The FED (Federal Reserve) recently created new laws to regulate credit card companies from “unreasonable” late payment and penalty fees. The new rules also call for issuers to “reconsider” interest rate hikes imposed since 2009. Millions of Americans have piles of credit card debt which is suffocating them in fees and interest payments.
These new laws will assist to solidify other consumer debt rules that were signed into law by President Obama as the “Credit Card Accountability Responsibility Disclosure Act” and will take effect August 22, 2010.
“The new rules require that late payment and other penalty fees be assessed in a way that is fairer and generally less costly for consumers,” states Federal Reserve Governor Elizabeth A. Duke. “Card issuers must also re-evaluate recent interest-rate increases and, if appropriate, reduce the rate.”
One of the main tenets of the latest rules is a cap in most late payment fees. presently many credit card companies are charging $39 or more in late fees; but the new rules cap that fee at $25.
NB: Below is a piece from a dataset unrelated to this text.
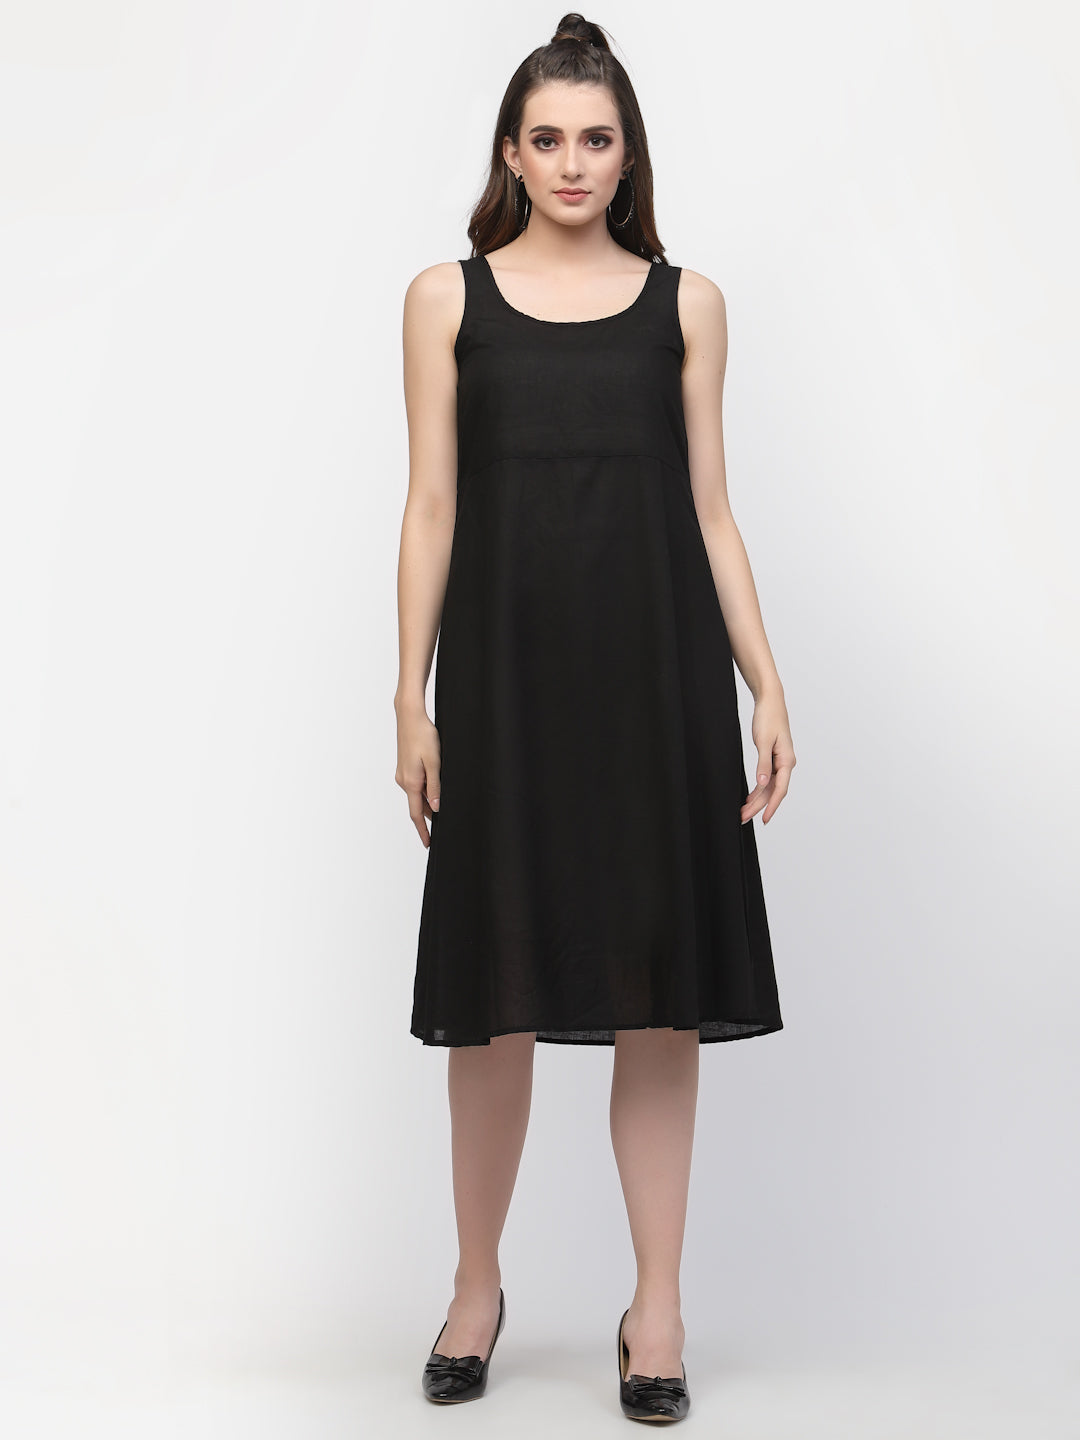 Terquois Black stripes with Tie-Up neck and Three quarter sleeves Dresses Terquois Klothing   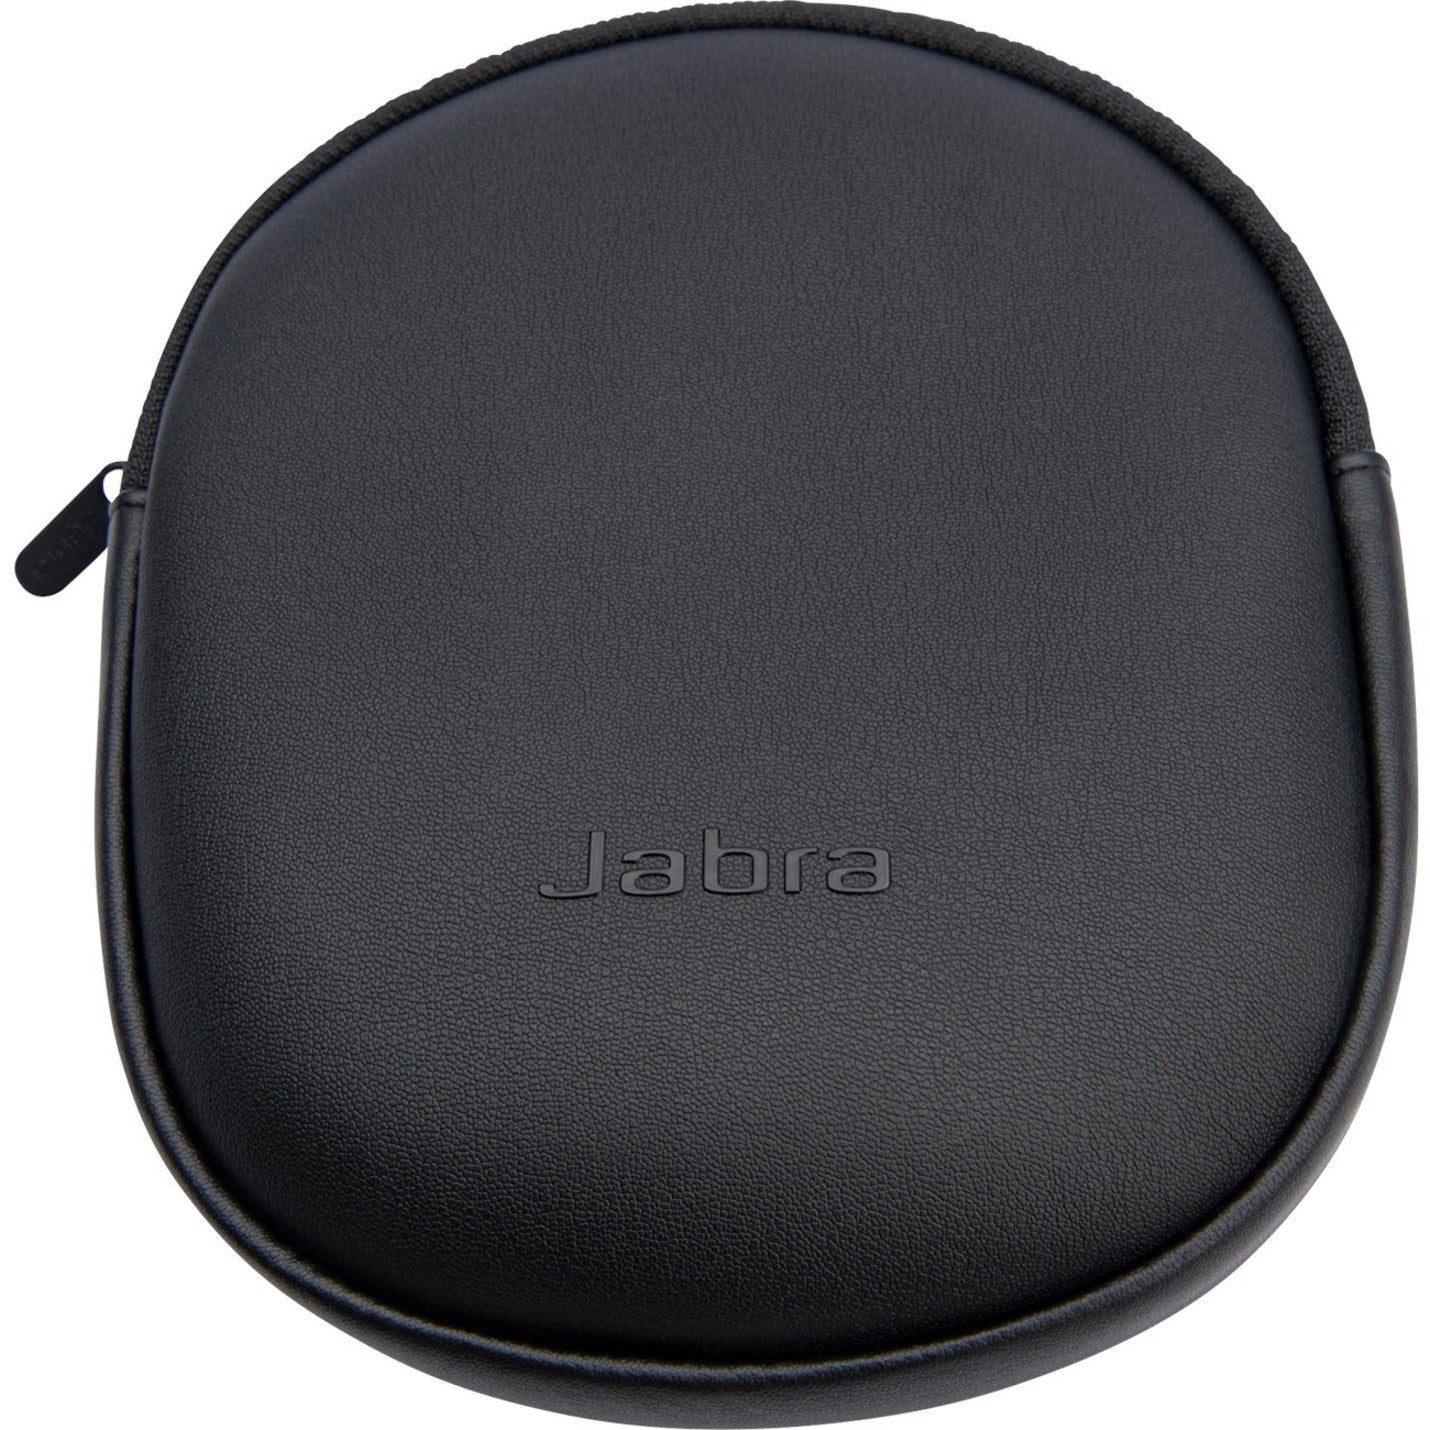 Jabra Carrying Case (Pouch) Headset - 10 Pack (14101-47) – Network

Another standard is to ban credit card companies from charging a fee that is larger than the umbrage (ie a $5 late payment can only be assessed a $5 fee).
Companies are also now banned from charging numerous fees in response to a single late payment or other single violation of terms; and “inactivity” fees for the non-use of cards is now prohibited wholly.
One of the ways consumers had been avoiding such fees is through instant approval credit cards which normally do not have any fee structure .
While the new laws have received some accolades , many more are saying that the changes
don’t do enough to change the underlying problem; the huge measure of credit card debt that Americans are trying to get out from under.
Paul Hollender from Bloomfield-based firm Corash & Hollender states, ”It’s taking away some of the most outrageous things that credit-card issuers are doing, but I think it’s not enough to stem the tide of impending bankruptcies.”